On Thursday night, 37-year-old Xavier Garcia was among the many singles at the Washington bar Green Zone who told The Post that they’re not being more cautious about making a move. “If I want to kiss someone, it doesn’t matter,” he said while standing next to a woman he had already kissed. “I’m not going to ask anyone: Do you have coronavirus?”
Emily Menge, 26, said she hadn’t thought about the coronavirus’s potential effect on her dating life until she had a nightmare that she was patient zero in Washington — and that the virus had spread because she’d kissed two men. “My mother was very disappointed,” she recalls. In Menge’s waking life, she is dating two men and at the moment everyone is healthy. But that doesn’t stop her and her friends from wondering: Should I be more careful? Should I stop making out with people in bars?
Menge and her friends haven’t resolved to change their behavior. “We’re going to get it anyway,” she posits. Though she does think coronavirus references in dating profiles have become a good litmus test for whether someone is paying attention. “If people update their profiles, it shows if they’re reading the news or not.”
Rachel DeAlto, the chief dating expert for Match, says that the virus is actually an opportunity to be more discerning. DeAlto suggests doing pre-dates on FaceTime or Skype before meeting, to get a sense of whether a connection is really worth leaving the house. In times where people are hunkered down — such as snowstorms — Match and other dating sites have reported surges in traffic. Coronavirus self-quarantines could have a similar effect.
Francesca Hogi, a dating coach in Los Angeles, says she hasn’t noticed her clients being too concerned about in-person meetings. But if someone is, Hogi advises that they talk about it with their date before that awkward hello.

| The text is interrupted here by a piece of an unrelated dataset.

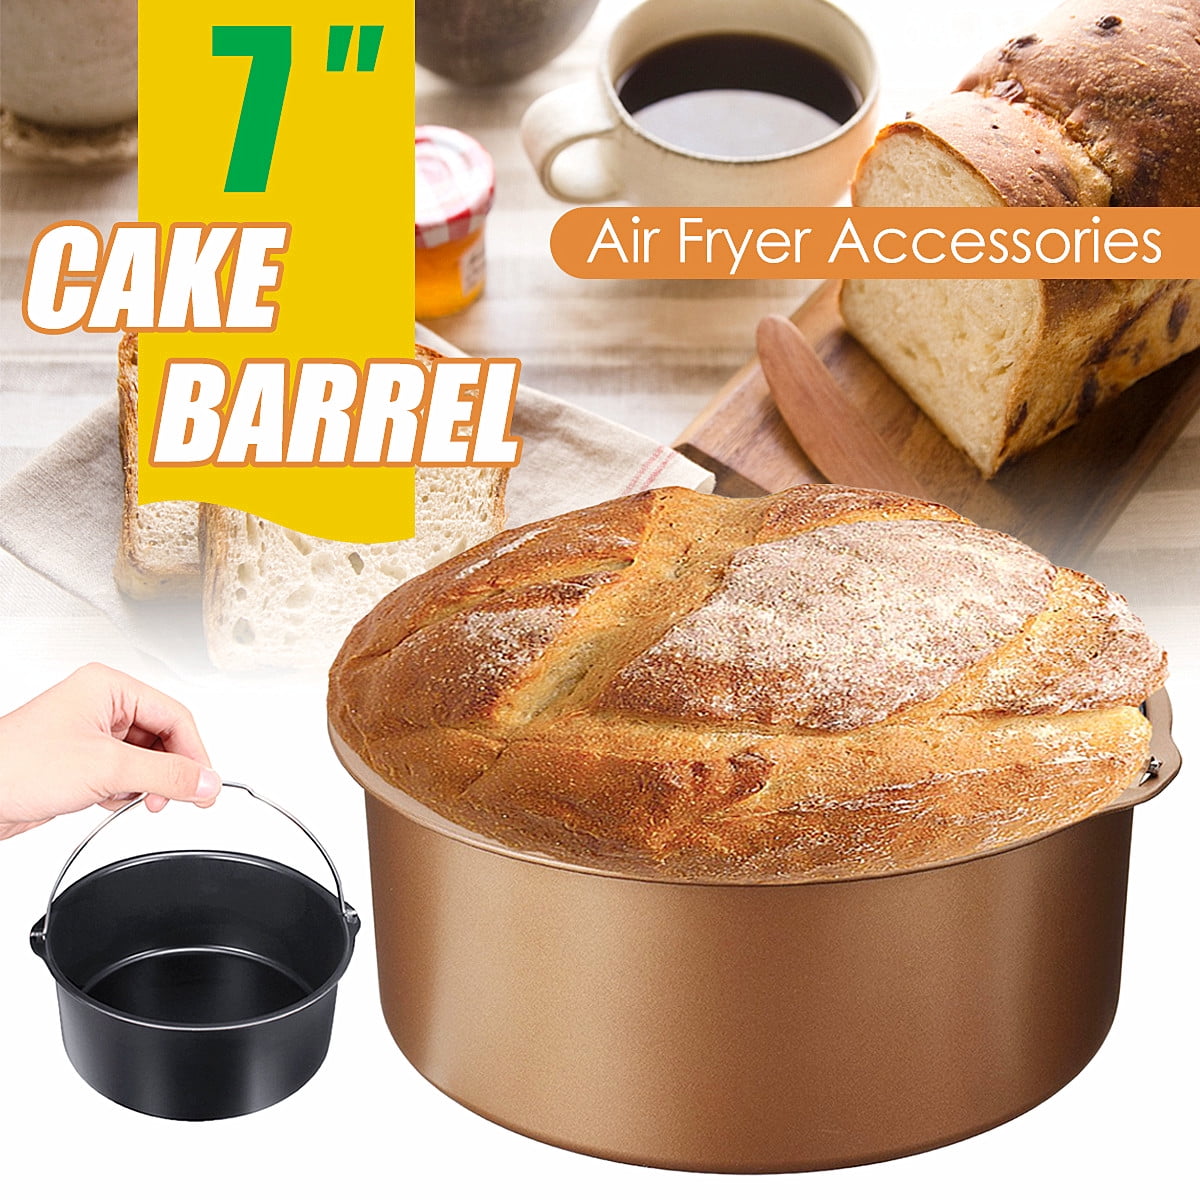 Cake Barrel Air Fryer Accessories Air Frying Pan Fryer Bread Baking Basket kasd

They could send a text saying something like “I’m really excited to meet you, but let’s not shake hands.” Perhaps daters might put their hands over their hearts in a contact-free salute to their dates. (Hogi doesn’t think fist bumps are good for first dates; they set more of a buddy tone.) She also suggests modeling good hygiene by putting on hand sanitizer together.
Sometimes the coronavirus is preventing people from meeting up not because they’re sick but because the virus is putting their work lives into overdrive. Or at least that’s what they claim.
For over a month, Michael Garofola, a 39-year-old attorney and former “Bachelorette” contestant in New York, has been trying to schedule a first date with a woman he met on Raya, the celebrity dating app. She keeps canceling because of work conflicts, he says, and, last week, she again had to postpone because the coronavirus’s effect on commerce kept her in the office late. But he hasn’t given up hope that they’ll eventually meet.
“All I can do is continue to wash my hands every day and wait to hear back,” Garofola says, “without washing my hands of her.”